NEW YORK (GenomeWeb) – Researchers are tantalizingly close to achieving chromosome-scale genome assemblies for crop plants, thanks to recent work by researchers from the University of California, Davis, BGI, and Dovetail Genomics.
By combining in vivo and in vitro proximity ligation technologies, highly accurate and contiguous genomes could help accelerate more traditional, genetic-marker based crop breeding and unleash the potential of targeted genome editing to improve plants other than corn, wheat, and soybeans.
In a new publication in Nature Communications, the collaborators used Chicago libraries, an in vitro scaffolding improvement technique, to assemble a lettuce genome, the Salinas cultivar of Lactuca sativa. Using Dovetail's in vitro proximity ligation Chicago library preparation, the researchers increased the n50 of scaffolds from an Illumina short read assembly from 476 kb to 1,769 kb.
Since then, Dovetail has launched in vivo Hi-C as a commercial service and has started combining it with Chicago. They've worked with UCD professor and the paper's lead author Richard Michelmore on the L. sativa genome using the complementary techniques. "This has recently provided an even better assembly than that described in the paper," Michelmore said. "There are now real chromosome-scale assemblies coming out" for plant genomes in the next six to 12 months.
Over the last year, several research groups have published papers indicating the ability to create scaffolds spanning entire chromosomes, telomere to telomere — for animal genomes.
Early last month, a team led by the US Department of Agriculture published a study in Nature Genetics reaching chromosome-length scaffolds for a de novo goat genome assembly, highlighting a combination of several technologies including short- and long-read sequencing, optical mapping, and Hi-C.
Later in March, researchers from the Baylor University and Harvard University reported generating chromosome-length scaffolds in assemblies for the human genome and two mosquito genomes.
But plant genomes are a different kind of beast.
"It is difficult to order and orient contigs and scaffolds in assemblies of large plant genomes because of the unfavorable relationship between physical and genetic distances as well as the sparse distribution of informative low-copy sequences due to the high repeat content," Michelmore said.
That was a problem evident during the first phase of the lettuce genome project. The assembly based on Illumina reads was good, Michelmore said, but many smaller scaffolds could not be assigned to linkage groups due to a lack of markers, he said. "The physical resolution of the assembly was smaller than that of the genetic map; therefore scaffolds could not be ordered or oriented within genetic bins."
Having heard a presentation from Dovetail at the 2015 Plant & Animal Genome conference and having used Hi-C in plants and bacteria, Michelmore knew where he wanted to turn, though he also considered using optical mapping from Bionano Genomics. "If I can get someone else to do my work for me, I will do so," he said.
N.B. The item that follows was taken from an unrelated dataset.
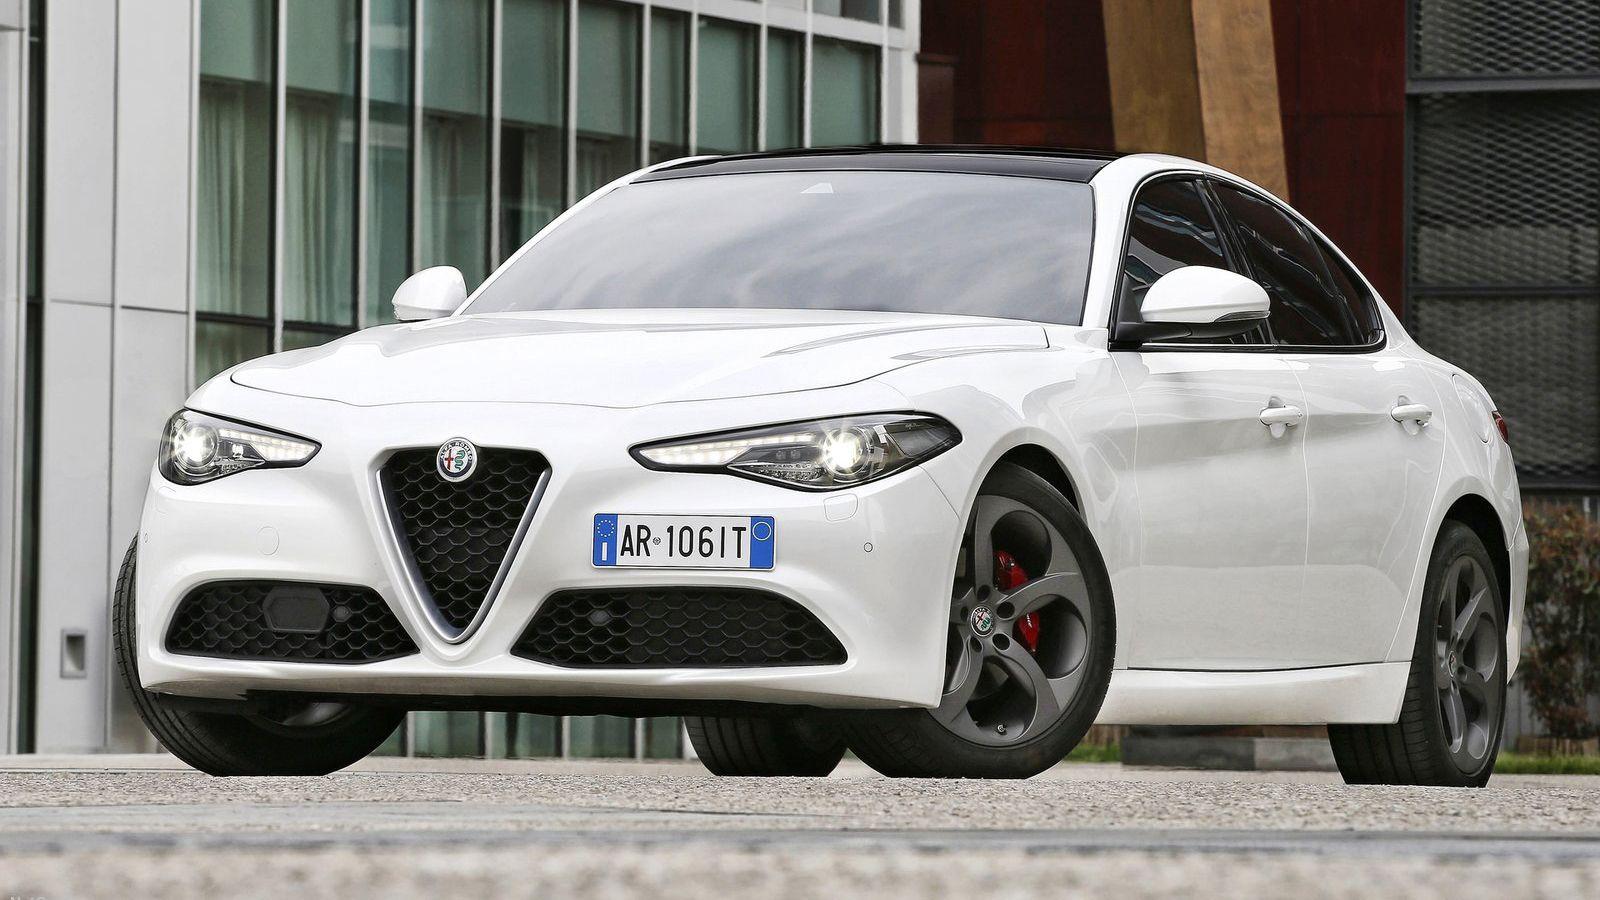 355ca4dffb Το νέο σεντάν της Alfa Romeo θα έχει μοτέρ 1

The initial Chicago library-based assembly was done as a paying customer. "We fed them a good Illumina assembly and made it a lot better."
Dovetail improved the physical resolution and resulted in greatly increased contiguity, he said. "It provided a physical resolution at least as great as that of the genetic map, so that we could orient and order many of the scaffolds, particularly in complex regions such as clusters of disease resistance genes," he said. "It also identified infrequent erroneous joins in scaffolds and allowed the inclusion of some of the smaller scaffolds that had not been mapped previously." The resulting assembly contained 90 percent of the genome in 1,520 scaffolds.
Following the initial work, Dovetail and Michelmore launched an ad hoc, informal collaboration. While Dovetail had used Hi-C on the Xenopus laevis frog genome, it hadn't built experience with plant genomes. At the time, Hi-C was not available as a service yet. Dovetail created two more assemblies, one using another round of Chicago and the second using Hi-C, said Veronica Mankinen, Dovetail VP of commercial operations.
The data helped the firm improve its HiRise assembler software, she said. "He used genetic mapping data to validate the nine chromosomes [of the lettuce genome]. Utilizing mapping data, we compared to assembly and helped to identify where there were mismatches." The firm's developers then used those mismatches to go back and tweak the assembly algorithm slightly, she said. Michelmore will be presenting data on the Hi-C assembly at an upcoming Dovetail webinar.
For Michelmore, chromosome-scale assemblies means getting in on the CRISPR/Cas9 genome engineering revolution. "With genome editing, the game has changed totally," he said. "You've got to know the gene to edit it."
Though commercially important, lettuce hasn't previously gotten the attention that, say, soy or corn has. But with the next level of accuracy, a lettuce genome assembly could help serve as a reference for the Compositae plants, an enormous phylogenetic family of plants with immense agricultural significance.
"They are the most successful family of flowering plants in terms of number of species and habitats inhabited," Michelmore said. That includes several dozen crop species, more the 200 domesticated species, and many noxious weeds. "These new genome assembly approaches allow the rapid and inexpensive development of highly informative genome resources for species within this and other plant families that were previously inaccessible," he said.